Reisen nach Palästina sind generell möglich. Es wäre jedoch angebracht sich vorher über die aktuelle Sicherheitslage zu informieren. Immer wieder kommt es zu Zusammenstößen zwischen palästinensichen Demonstranten und israelischen Sicherheitskräften im Westjordanland. Im Gazastreifen kann es sogar zu Luftangriffen aus Israel kommen.
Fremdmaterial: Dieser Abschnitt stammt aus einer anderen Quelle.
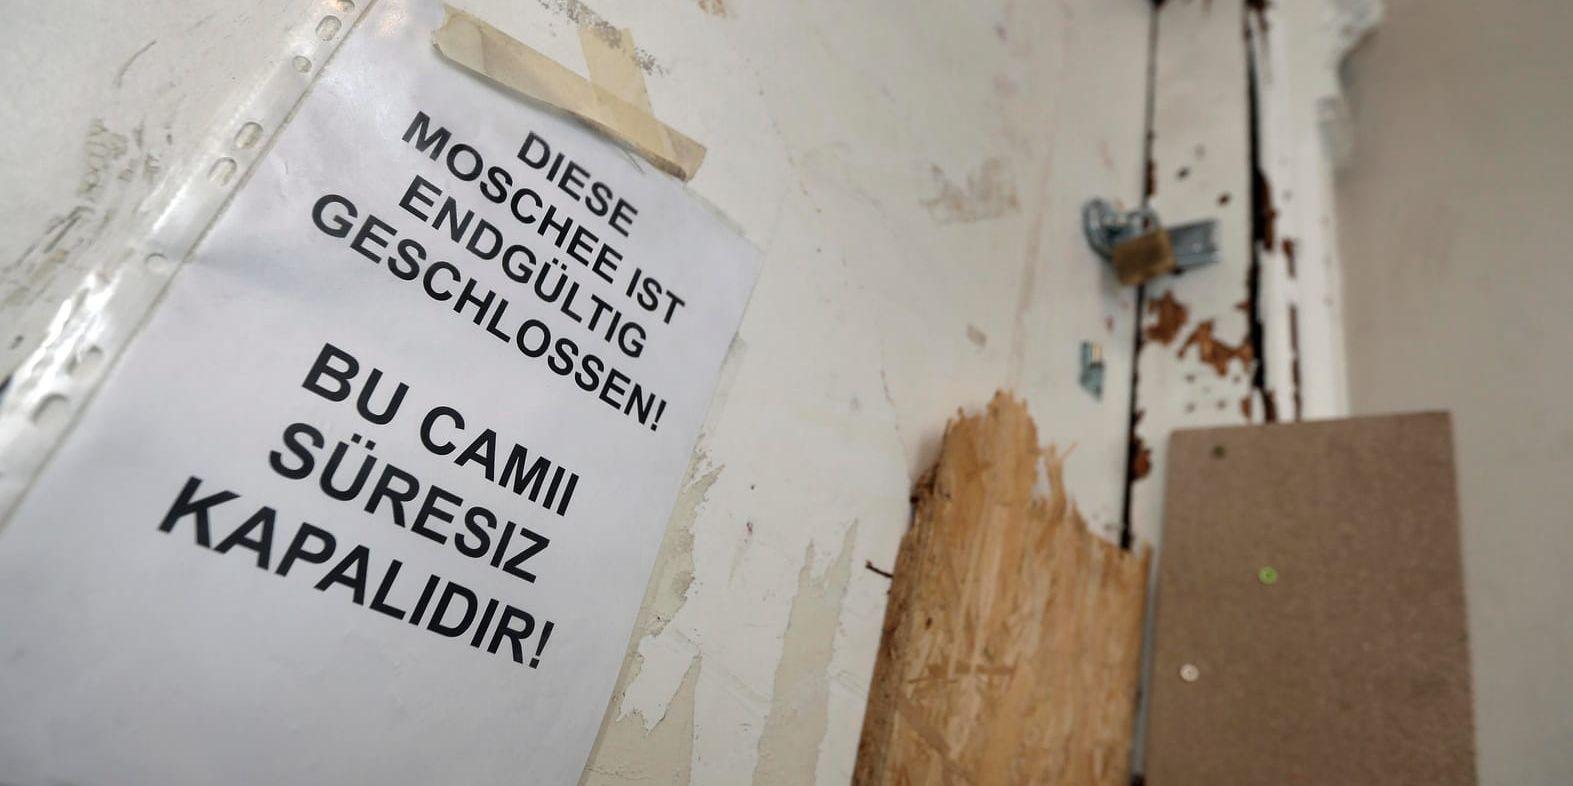 Den igenbommade dörren till Fussiletmoskén i Berlin, som stängdes av myndigheterna i februari 2017. Moskén besöktes bland annat av Anis Amri, som dödade tolv personer då han kapade en lastbil och plöjde in i en folksamling på en julmarknad i Berlin i december 2016.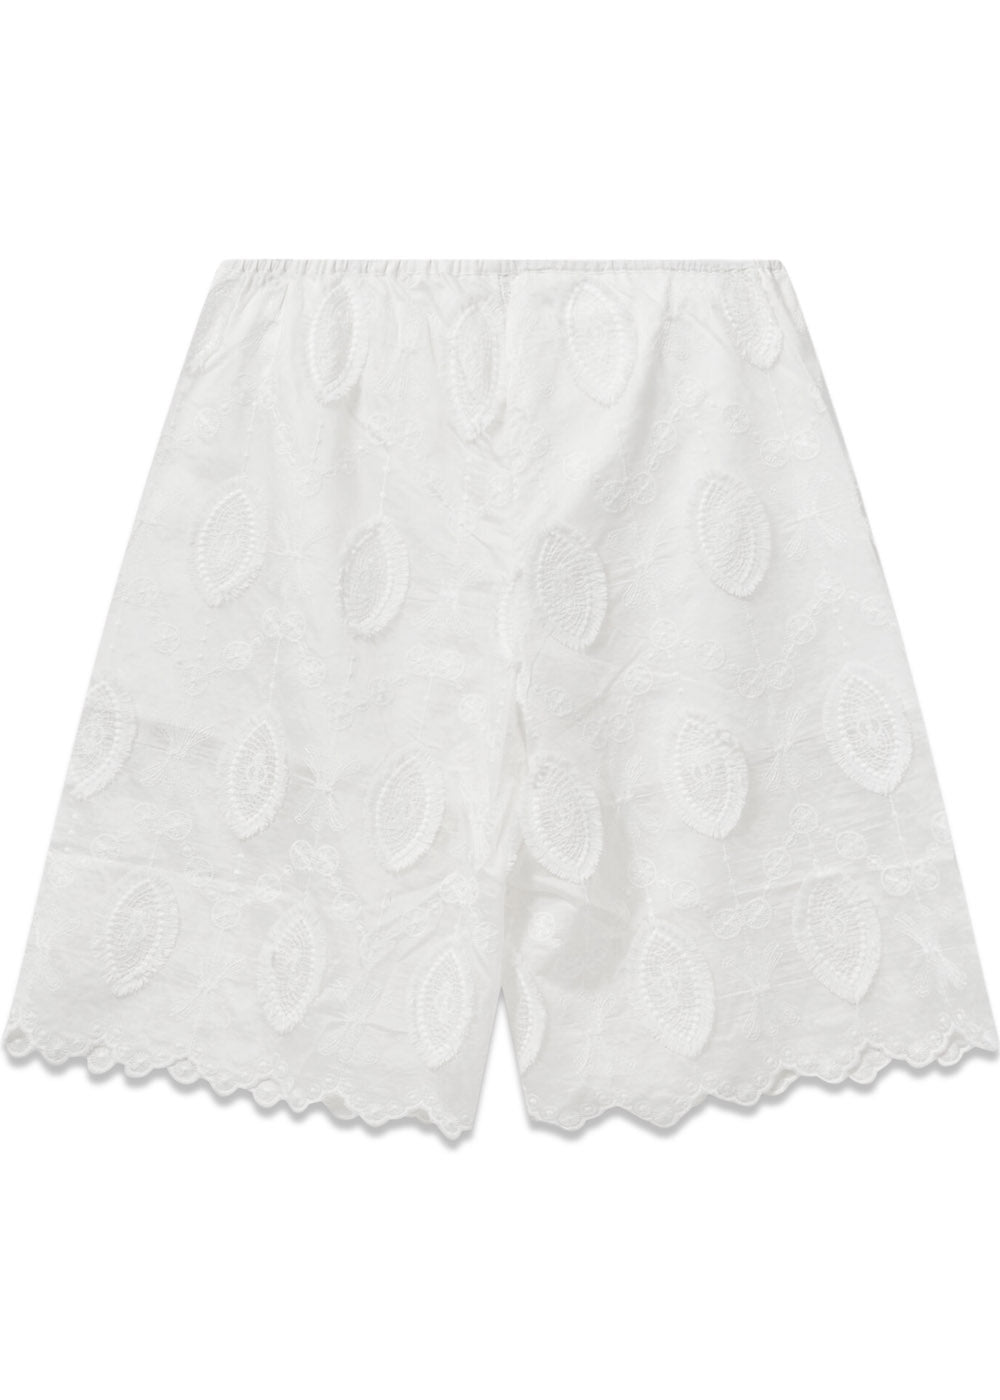 Afrodite Shorts - Cream

Gesund bleiben[Bearbeiten]

Es ist darauf zu achten wie die Trinkwasserquallität aus dem Wasserhahn in seiner Unterkunft ist, da es nicht in jedem Haushalt entsprechende Filteranlagen gibt.

Klima[Bearbeiten]

Palästina wird in vier Klimagebiete unterteilt, nämlich Küstenebene, Bergland, Jordangraben und Hochebene.

Respekt[Bearbeiten]

Grundsätzlich ist es angebracht, die Wert- und Moralvorstellungen der überwiegend muslimisch geprägten Gesellschaft zu respektieren und auf eine angemessene, saubere Kleidung zu achten. Bermudashorts oder Jogginghosen, kurze Röcke und Tops sollten in der Öffentlichkeit nicht getragen werden, beim Besuch einer Moschee ist es für Frauen empfehlenswert, die Haare mit einem Tuch zu bedecken.

Kommunizieren[Bearbeiten]

Telefon[Bearbeiten]

Palästina hat die Landesvorwahl +970. Von Deutschland ausgehende Telefongespräche müssen über die Vorwahl +972 geführt werden. (Quelle: Palästinensiche Mission in Deutschland)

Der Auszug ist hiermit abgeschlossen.